Esistono colpe che pesano come macigni sulla vita delle persone comuni e queste colpe diventano ancora più gravi quando queste persone rappresentano un’intera generazione a cui viene, in pratica, negata la possibilità di accedere in modo stabile al mondo del lavoro e, di conseguenza, la possibilità di raggiungere la propria stabilità economica, senza la quale è davvero difficile, se non impossibile, realizzare i propri progetti di vita. Che siano il frutto delle politiche scellerate degli anni ottanta o dell’impotenza e della subordinazione compiacente dei singoli governi nei confronti delle grandi multinazionali, delle banche, delle lobby affaristiche e degli speculatori finanziari, non si tratta solo di semplici numeri e percentuali, ma di persone vere, in carne ed ossa, costrette a vivere ai margini della società. Questo è il concetto alla base di questo nuovo lavoro dei Voina, un concetto che si sviluppa attraverso dieci brani oscillanti tra rock, pop e punk e che non si prefigge di trovare alibi o giustificazioni, non vuole accattivarsi a tutti i costi le simpatie del pubblico, ma vuole descrivere la realtà così com’è, punto e basta.

Si inizia con “Welfare”, un brano crudo e velenoso, che mette immediatamente il dito al centro di questa ferita sanguinante: è inutile avere ambizioni, è inutile sprecare le proprie energie, è inutile correre dietro al tempo, gli sforzi della classe politica e finanziaria dominante non sono rivolti al benessere delle classi più deboli ed indifese della società, ma sono concentrati soprattutto sulla difesa dei privilegi acquisiti, nonché degli interessi economici dei soggetti più potenti. Agli altri, a quelli che non sono loro amici o amici dei loro amici, a quelli che non hanno le conoscenze giuste, non restano che le briciole, l’amarezza e la puzza nauseabonda delle privazioni, delle rinunce e dell’indifferenza. In fondo, nonostante la rete globale, nonostante il progresso tecnologico, nonostante Facebook, con i suoi video, le sue foto e tutto il resto, siamo solo dei poveri emarginati di provincia. 

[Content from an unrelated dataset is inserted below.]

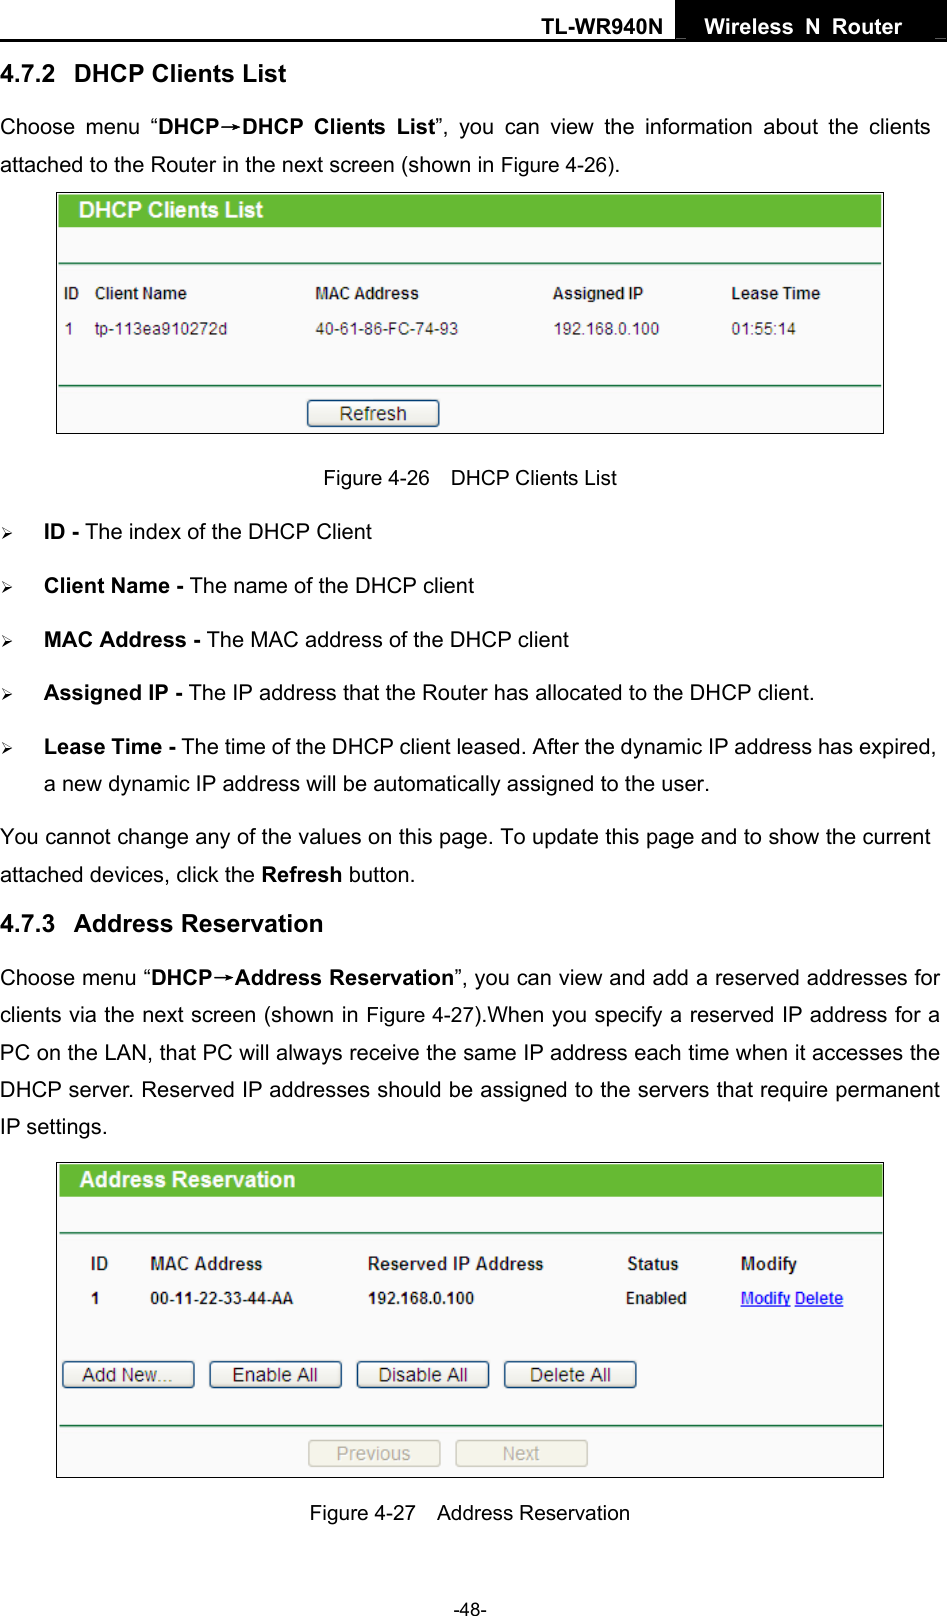 TL-WR940N  Wireless N Router   4.7.2  DHCP Clients List Choose menu “DHCP→DHCP Clients List”, you can view the information about the clients attached to the Router in the next screen (shown in Figure 4-26).  Figure 4-26    DHCP Clients List ¾ ID - The index of the DHCP Client   ¾ Client Name - The name of the DHCP client   ¾ MAC Address - The MAC address of the DHCP client   ¾ Assigned IP - The IP address that the Router has allocated to the DHCP client. ¾ Lease Time - The time of the DHCP client leased. After the dynamic IP address has expired, a new dynamic IP address will be automatically assigned to the user. You cannot change any of the values on this page. To update this page and to show the current attached devices, click the Refresh button. 4.7.3  Address Reservation Choose menu “DHCP→Address Reservation”, you can view and add a reserved addresses for clients via the next screen (shown in Figure 4-27).When you specify a reserved IP address for a PC on the LAN, that PC will always receive the same IP address each time when it accesses the DHCP server. Reserved IP addresses should be assigned to the servers that require permanent IP settings.    Figure 4-27  Address Reservation -48-

“Alcol, Schifo e Nostalgia” è un disco che, attraverso queste tre semplici parole, cerca di esprimere la rabbia e la frustrazione di una generazione ed in generale di tutte quelle persone che non riescono ad adeguarsi ai ritmi ed alle regole vigenti e che non accettano l’idea di dover rinunziare ai propri sogni e prendere per buoni i sogni imposti da qualcun altro. Non è giusto accettare dei riferimenti e delle prospettive che non sono mai state i nostri riferimenti e le nostre prospettive. Non sono alibi, ma dati di fatto: la società moderna è basata sull’intento di dover uniformare le persone e tutto ciò che va al di fuori degli schemi precostituiti ad arte dai grandi burattinai che ci sfruttano e controllano, viene considerato necessariamente cattivo, malevolo e dannoso. In questo modo i poveri si fanno la guerra tra loro, chi ha poco non tende mai la mano a chi ha meno, ma lo combatte e lo avversa perché lo considera un suo potenziale rivale, un pericolo per sé e per i suoi cari, per la propria stabilità e serenità, quando, invece, i veri nemici da combattere sono altri. Sono quelli che siedono nei consigli di amministrazione delle grandi banche e delle multinazionali, sono quelli che controllano le informazioni ed i media di regime, sono quelli che speculano sulla vita di intere nazioni, sono quelli cercano il profitto con le guerre o le tante crisi umanitarie, sono quelli che alimentano le tensioni e le disparità sociali, perché il modo più semplice per condizionare e soggiogare le persone è tenerle divise, annullare il loro spirito critico e farle vivere nell’indigenza e nella paura.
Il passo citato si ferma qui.